VIRTUAL CARE RESULTS
Our networks take advantage of the latest technology to connect providers to patients and to each other. The telehealth revolution helps providers deliver the same care while tackling logistical headaches such as travel time and specialist availability. Removing these friction points speeds up care delivery and can actually improve care. For example, video and photo recordings of patients in a telehealth setting can be more accurate in documenting and demonstrating progress in range of motion and other physical capabilities than the traditional visual observation in a face-to-face visit.
CorVel’s networks also leverage advances in electronic medical records integration and practice management systems with the most efficient scheduling and reminders for compliance with treatment plans. CorVel’s developments in machine learning and AI-driven technology help us continually improve methods for gathering, storing, and analyzing data on claims processing and compliance reporting. This technology goes hand in hand with patient-facing technology like telehealth.
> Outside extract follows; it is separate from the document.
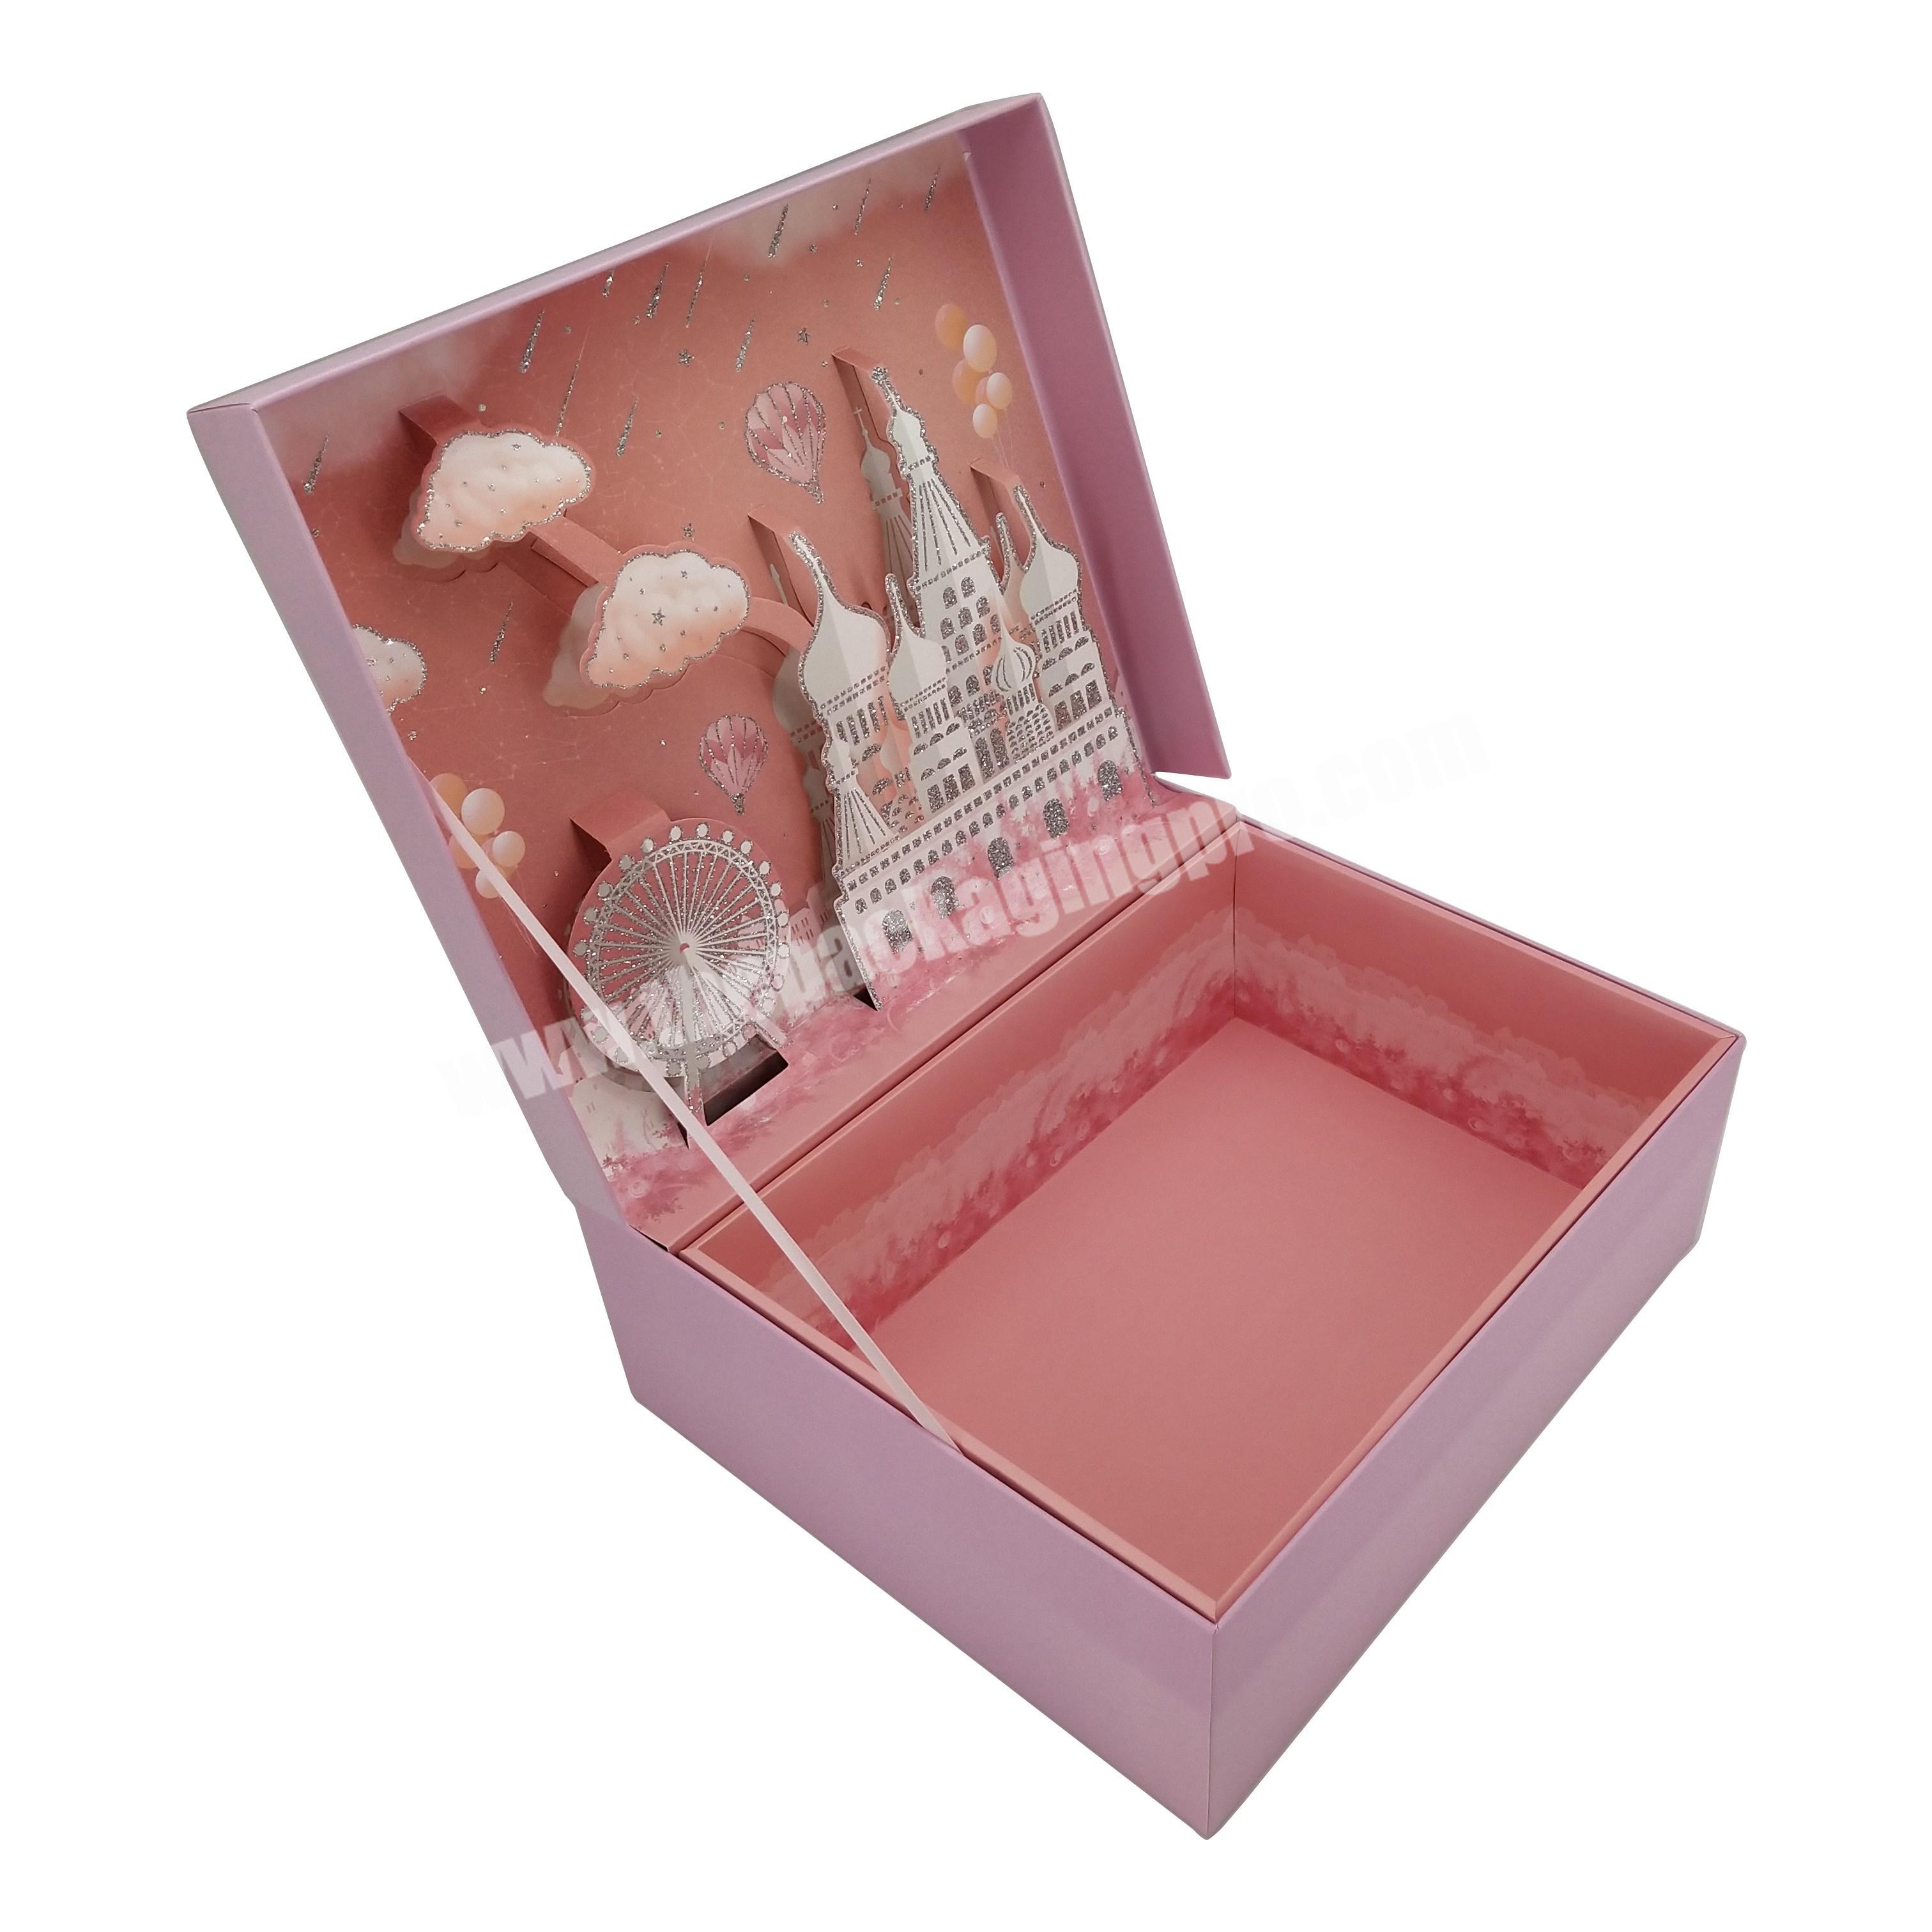 Creative pretty surprise gift box for girlfriend on Valentine's Day

Our network treats the whole patient, not just physical health. Mental illnesses such as anxiety, depression, or post-traumatic stress disorder can arise after a work injury and profoundly impact an individual’s work capability even if they’re physically healthy. For employees with chronic pain, there is an even higher risk for depression.
Recognizing the importance of mental health as part of its holistic approach, CorVel’s network is optimized to provide prompt and efficient diagnosis and treatment to help speed recovery and enable a faster return to work. Our network includes providers who specialize in mental health, enabling us to provide personalized care to injured workers and give special consideration to clarify any work environment needs to assist in return to work.
There are networks, and then there are CorVel’s networks. To truly provide a superior solution, you need a level of sophistication and discipline when building network solutions that are tailored for optimum results. Our holistic, outcomes-based network model provides the best value for employers, insurers, and everyone else involved in helping injured workers return to full capacity as soon as possible.